28 pages, 12236 KiB  
Article
MODIS-Satellite-Based Analysis of Long-Term Temporal-Spatial Dynamics and Drivers of Algal Blooms in a Plateau Lake Dianchi, China
by Yuanyuan Jing, Yuchao Zhang, Minqi Hu, Qiao Chu and Ronghua Ma
Remote Sens. 2019, 11(21), 2582; https://doi.org/10.3390/rs11212582 - 4 Nov 2019
Cited by 38 | Viewed by 4560
Abstract
Algal blooms in eutrophic lakes have been a global issue to environmental ecology. Although great progress on prevention and control of algae have been made in many lakes, systematic research on long-term temporal-spatial dynamics and drivers of algal blooms in a plateau Lake [...] Read more.

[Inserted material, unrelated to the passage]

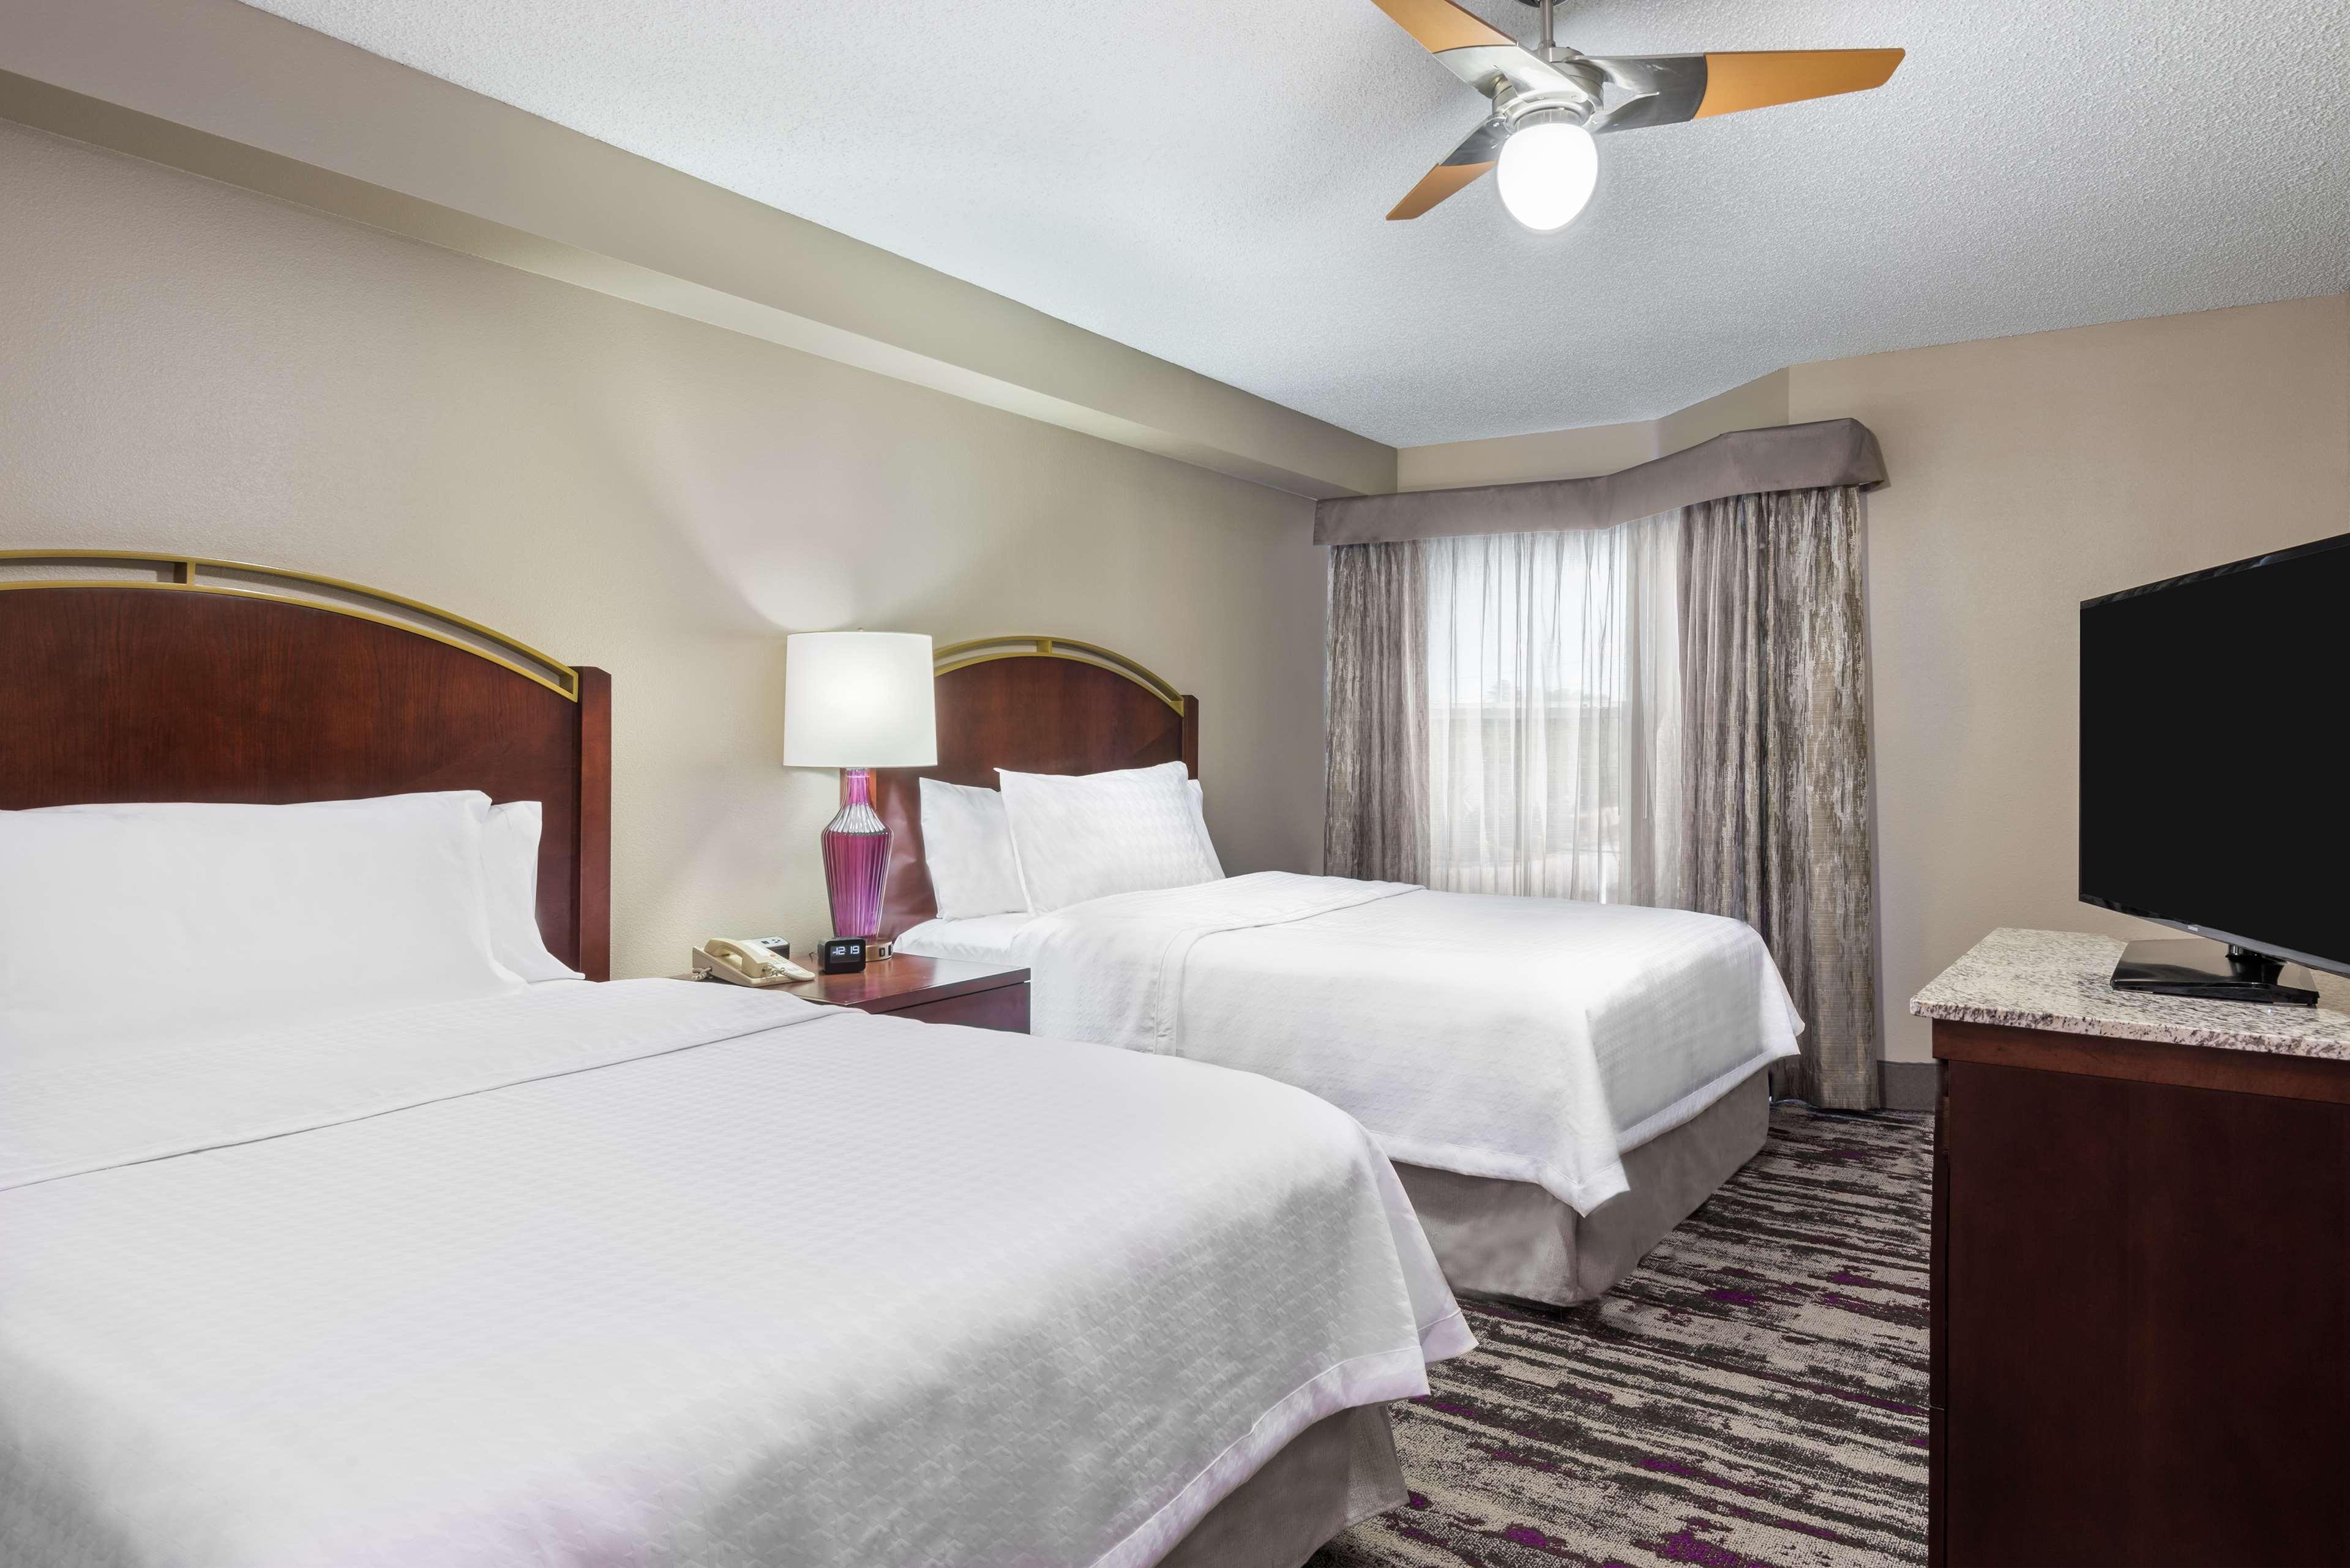 Homewood Suites by Hilton Orlando-UCF Area image 27
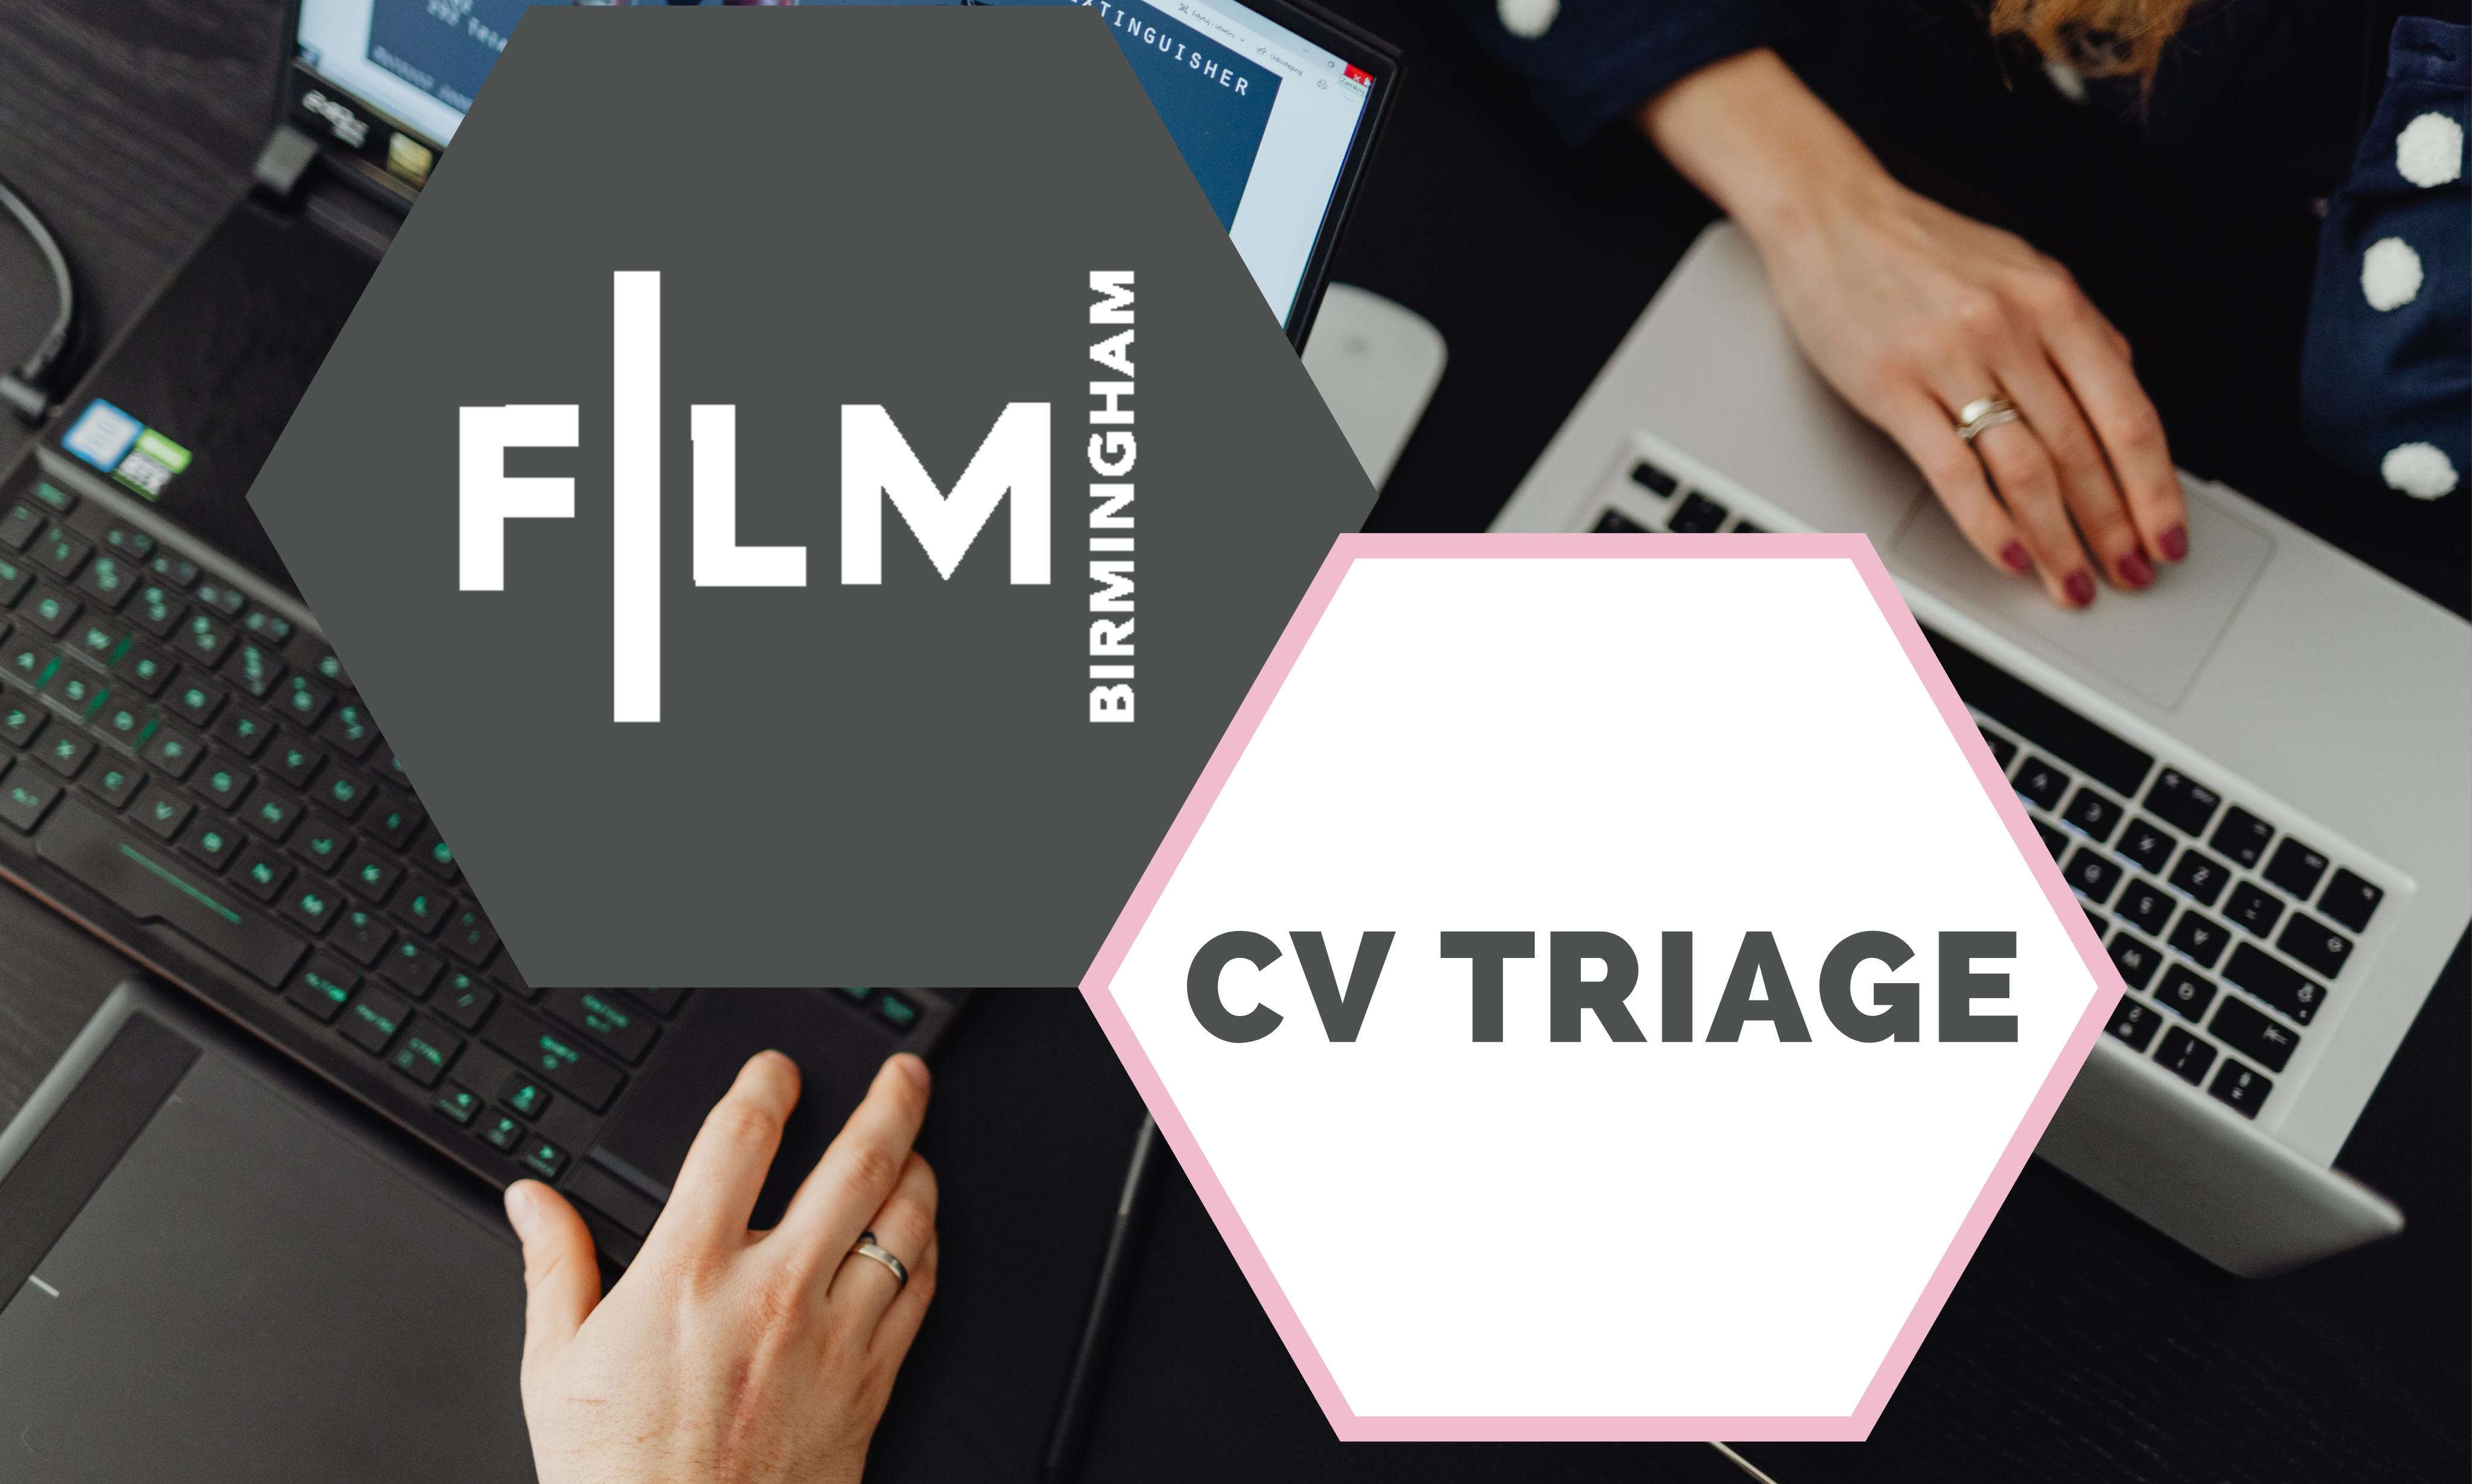 Get Yourself Noticed with Film Birmingham's CV Triage

Algal blooms in eutrophic lakes have been a global issue to environmental ecology. Although great progress on prevention and control of algae have been made in many lakes, systematic research on long-term temporal-spatial dynamics and drivers of algal blooms in a plateau Lake Dianchi is so far insufficient. Therefore, the algae pixel-growing algorithm (APA) was used to accurately identify algal bloom areas at the sub-pixel level on the Moderate Resolution Imaging Spectroradiometer (MODIS) data from 2000 to 2018. The results showed that algal blooms were observed all year round, with a reduced frequency in winter–spring and an increased frequency in summer–autumn, which lasted a long time for about 310–350 days. The outbreak areas were concentrated in 20–80 km2 and the top three largest areas were observed in 2002, 2008, and 2017, reaching 168.80 km2, 126.51 km2, and 156.34 km2, respectively. After deriving the temporal-spatial distribution of algal blooms, principal component analysis (PCA) and redundancy analysis (RDA) were applied to explore the effects of meteorological, water quality and human activities. Of the variables analyzed, mean temperature (Tmean) and wind speed (WS) were the main drivers of daily algal bloom areas and spatial distribution. The precipitation (P), pH, and water temperature (WT) had a strong positive correlation, while WS and sunshine hours (SH) had a negative correlation with monthly maximum algal bloom areas and frequency. Total nitrogen (TN) and dissolved oxygen (DO) were the main influencing factors of annual frequency, initiation, and duration of algal blooms. Also, the discharge of wastewater and the southwest and southeast monsoons may contribute to the distribution of algal blooms mainly in the north of the lake. However, different regions of the lake show substantial variations, so further zoning and quantitative joint studies of influencing factors are required to more accurately understand the true mechanisms of algae in Lake Dianchi. Full article
(This article belongs to the Special Issue Operational Ecosystem Monitoring Applications from Remote Sensing)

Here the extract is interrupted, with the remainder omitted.